Start of Collected data

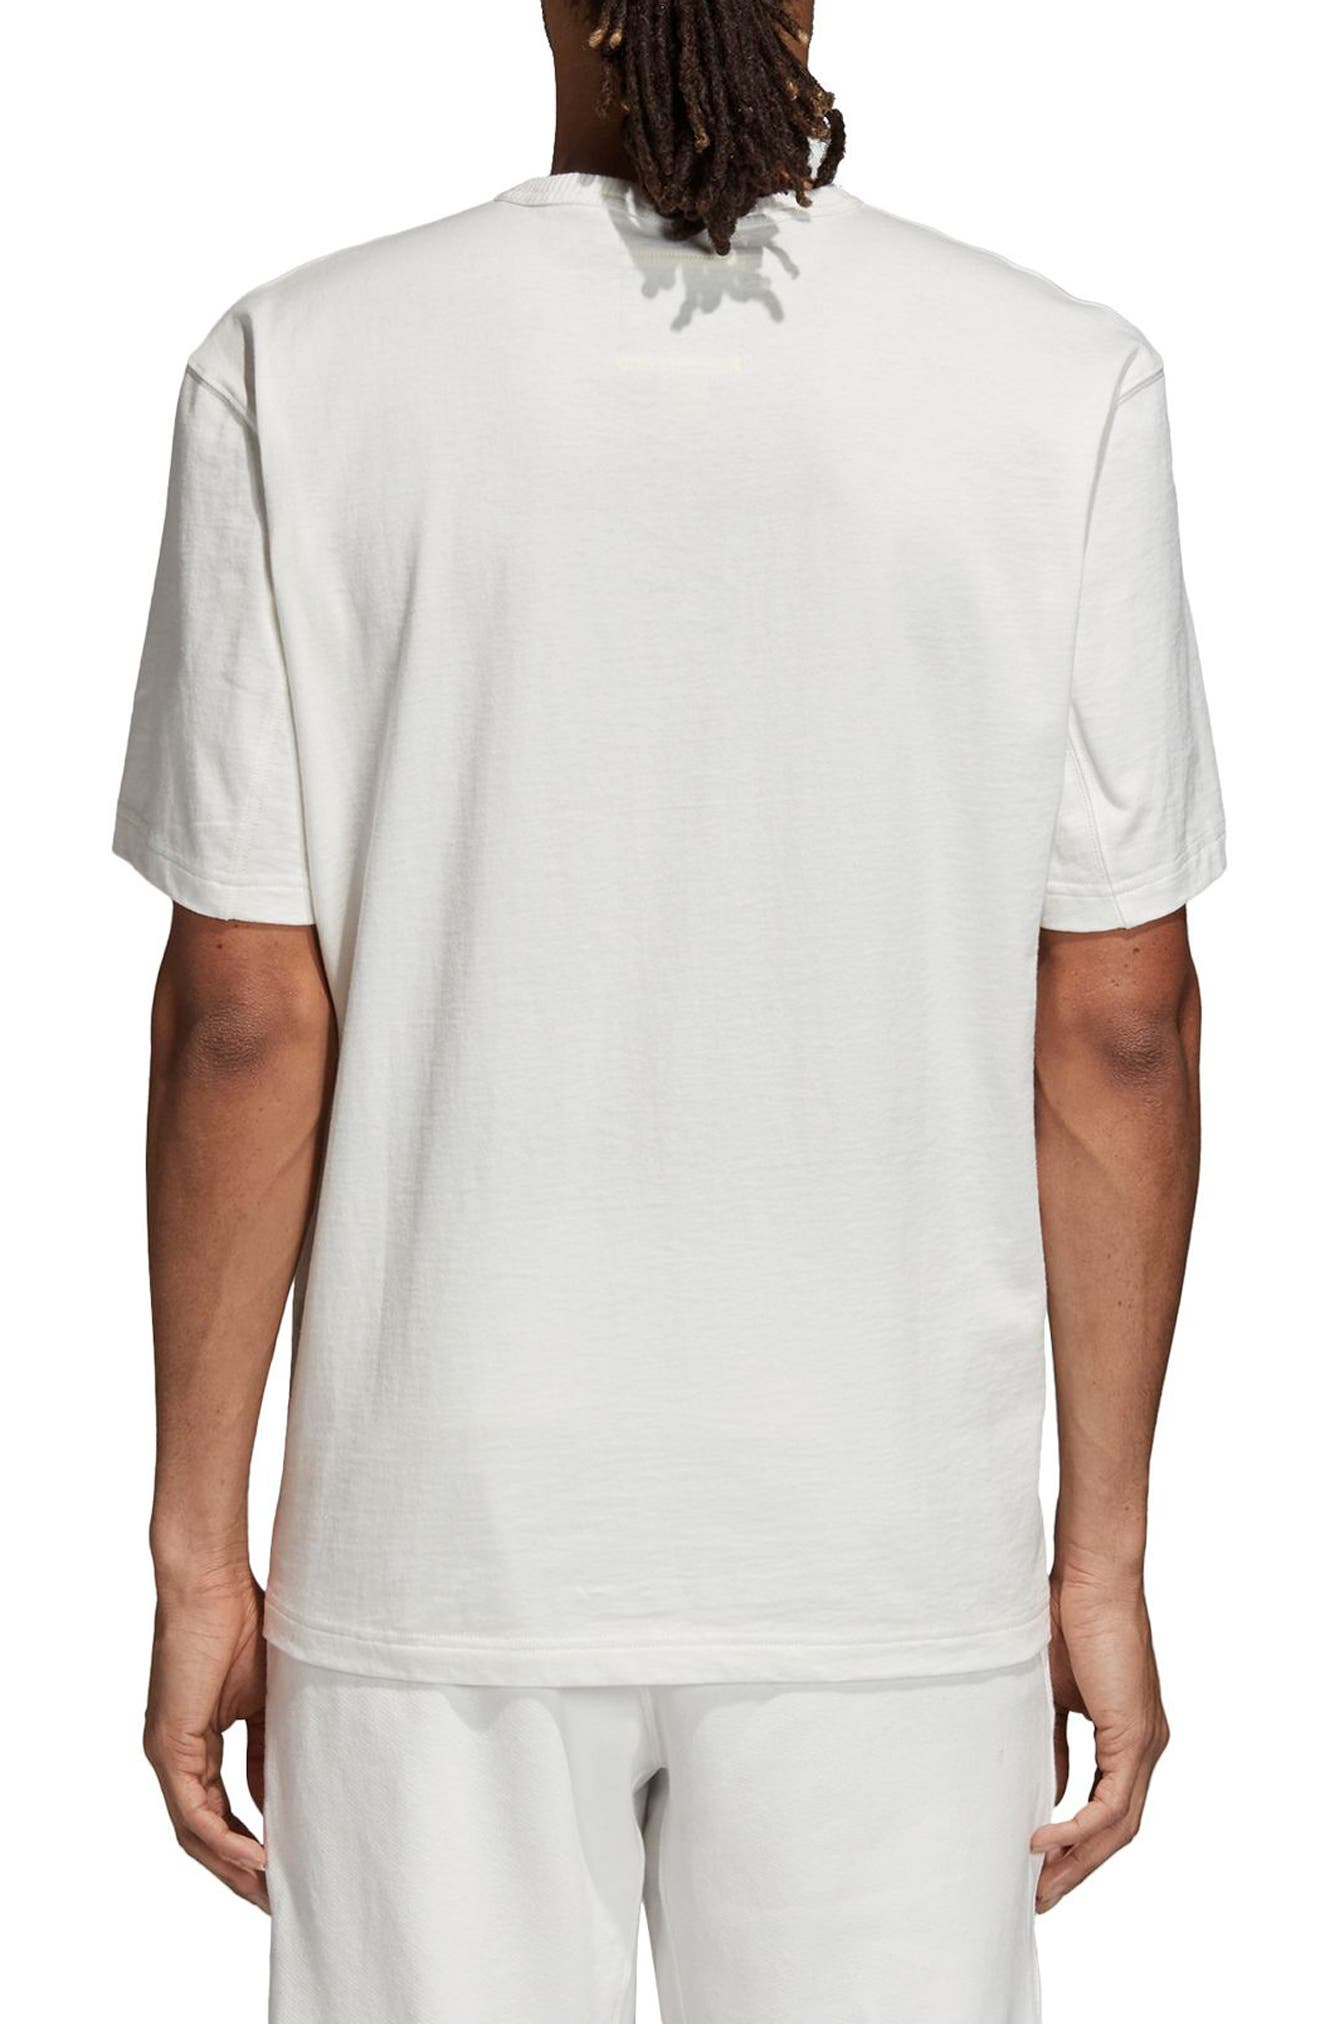 Kaval T-Shirt,                             Alternate thumbnail 2, color,                             CLOUD WHITE
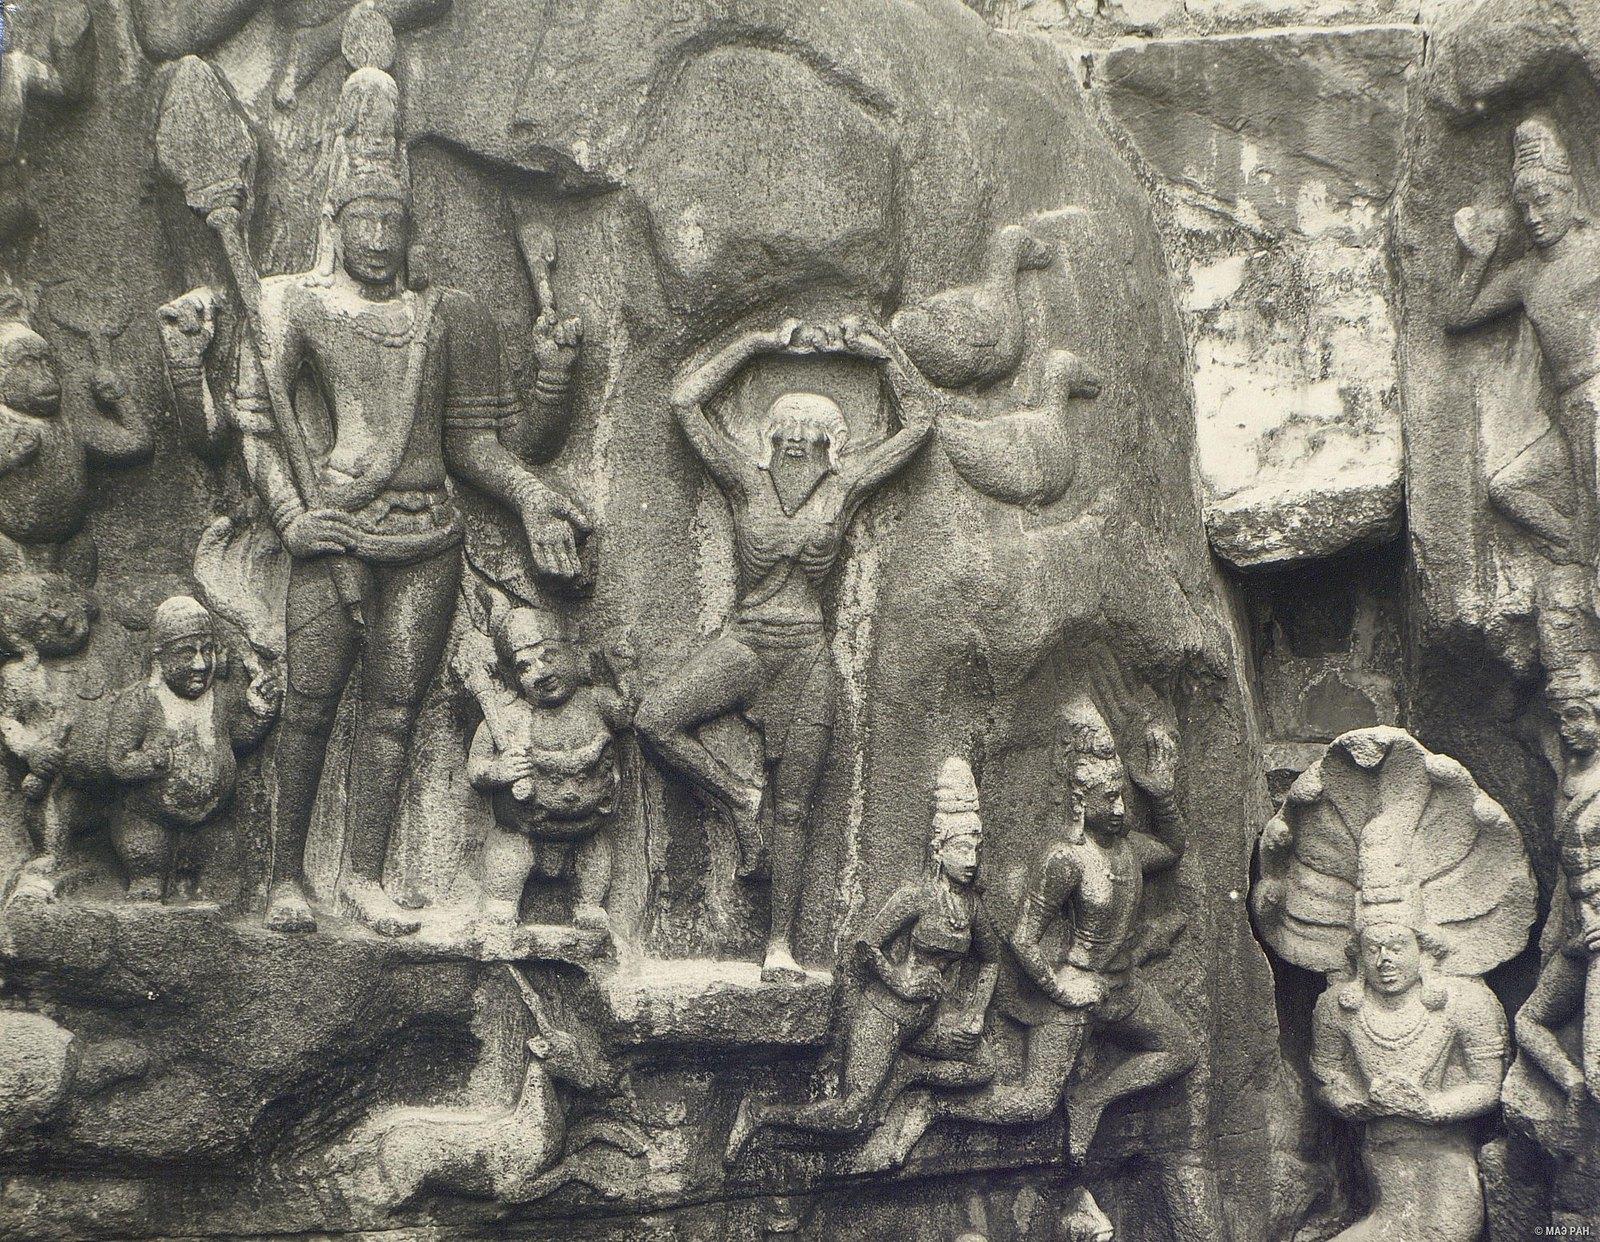 Мамаллапур (общий план скалы с изображениями)
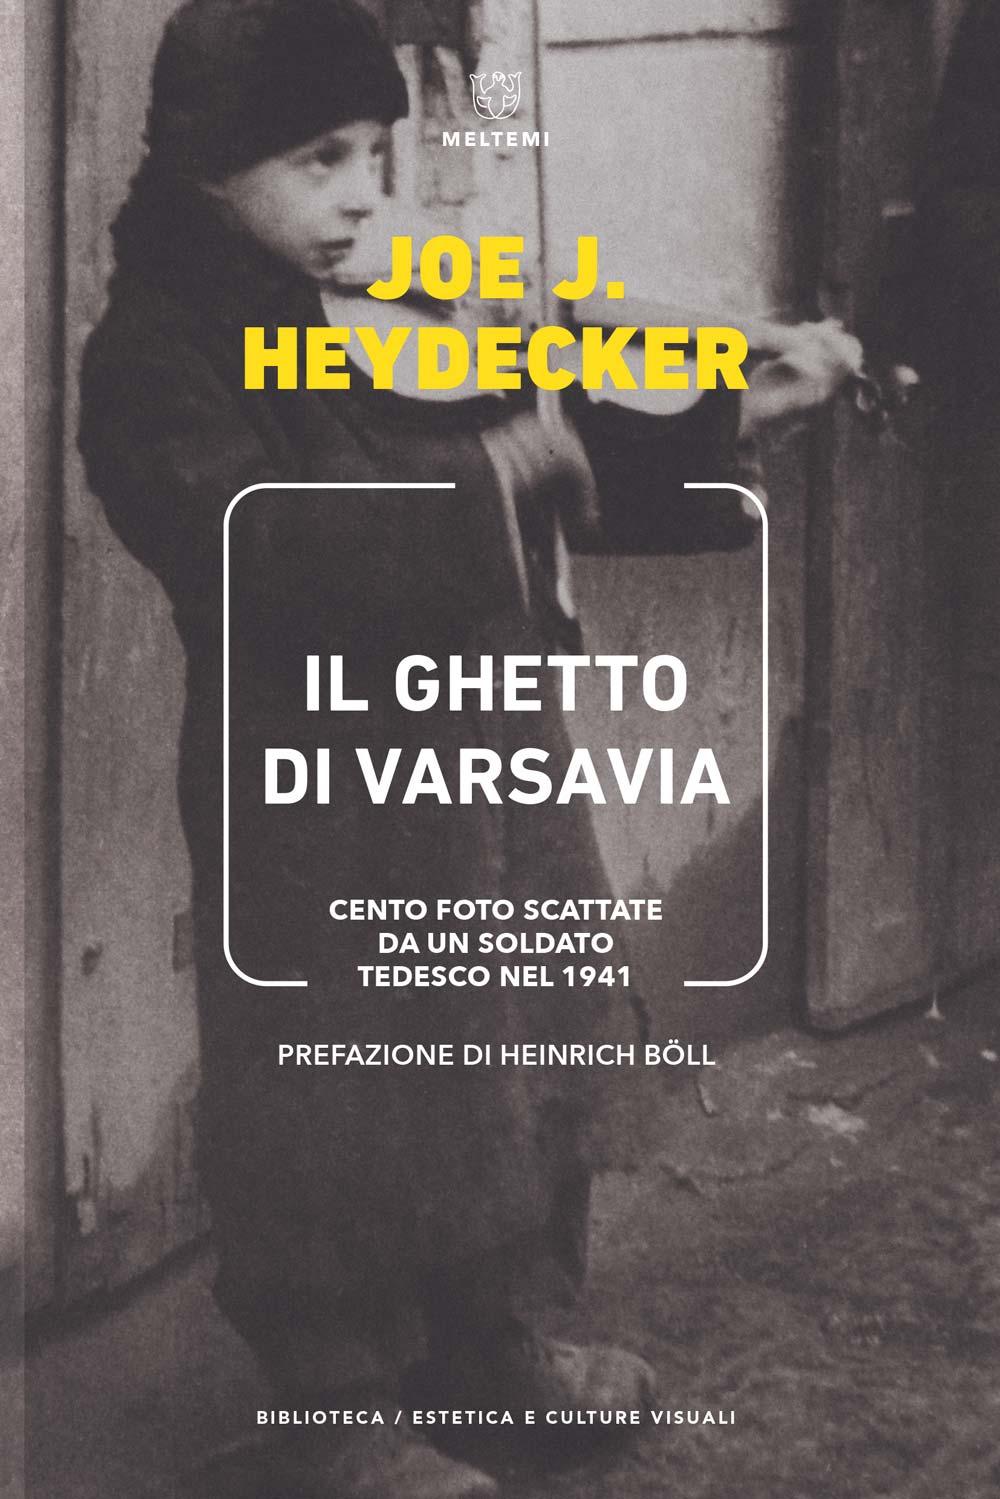 COVER-biblioteca-cult-visuali-heydecker-il-ghetto-di-varsavia
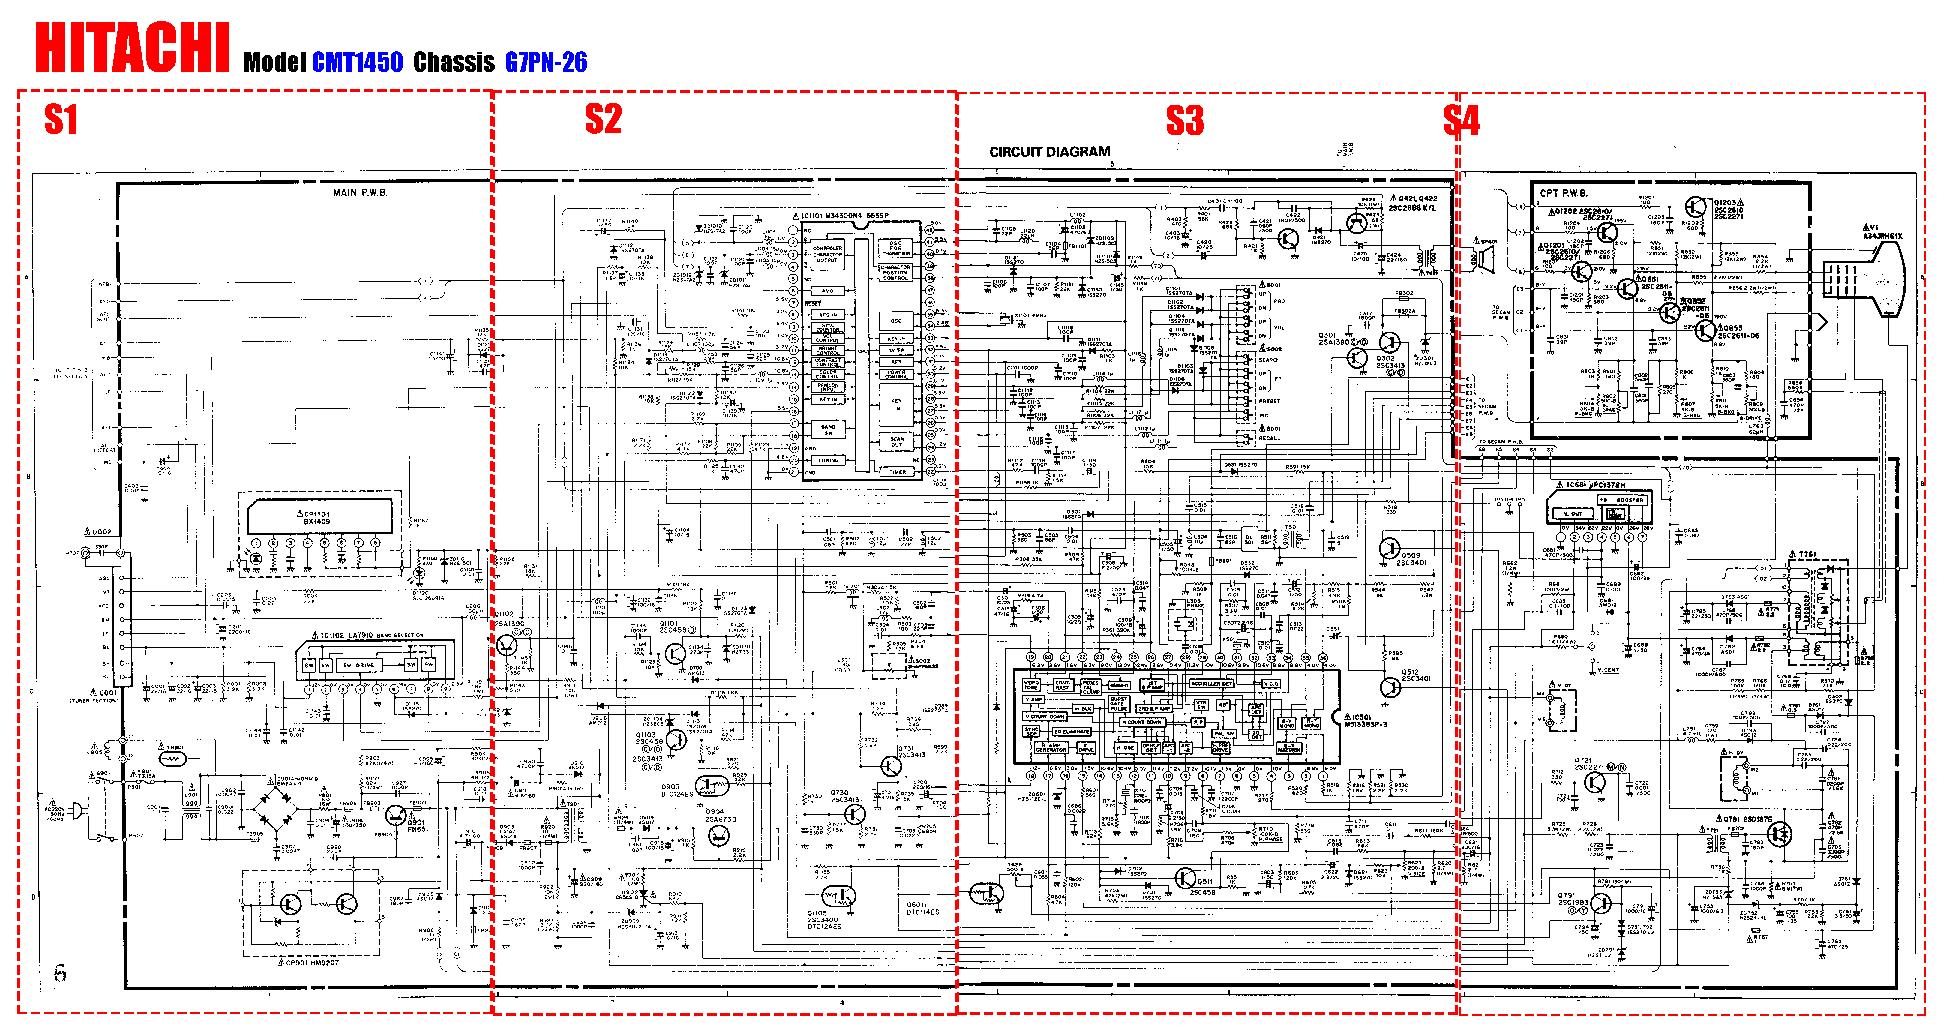 Схему телевизора хитачи

End of Collected data

Exercise >>
Apart from the pictures, restate all of the listing above exactly.

Answer area >>
 Kaval T-Shirt,                             Alternate thumbnail 2, color,                             CLOUD WHITE
 Мамаллапур (общий план скалы с изображениями)
 COVER-biblioteca-cult-visuali-heydecker-il-ghetto-di-varsavia
 Схему телевизора хитачи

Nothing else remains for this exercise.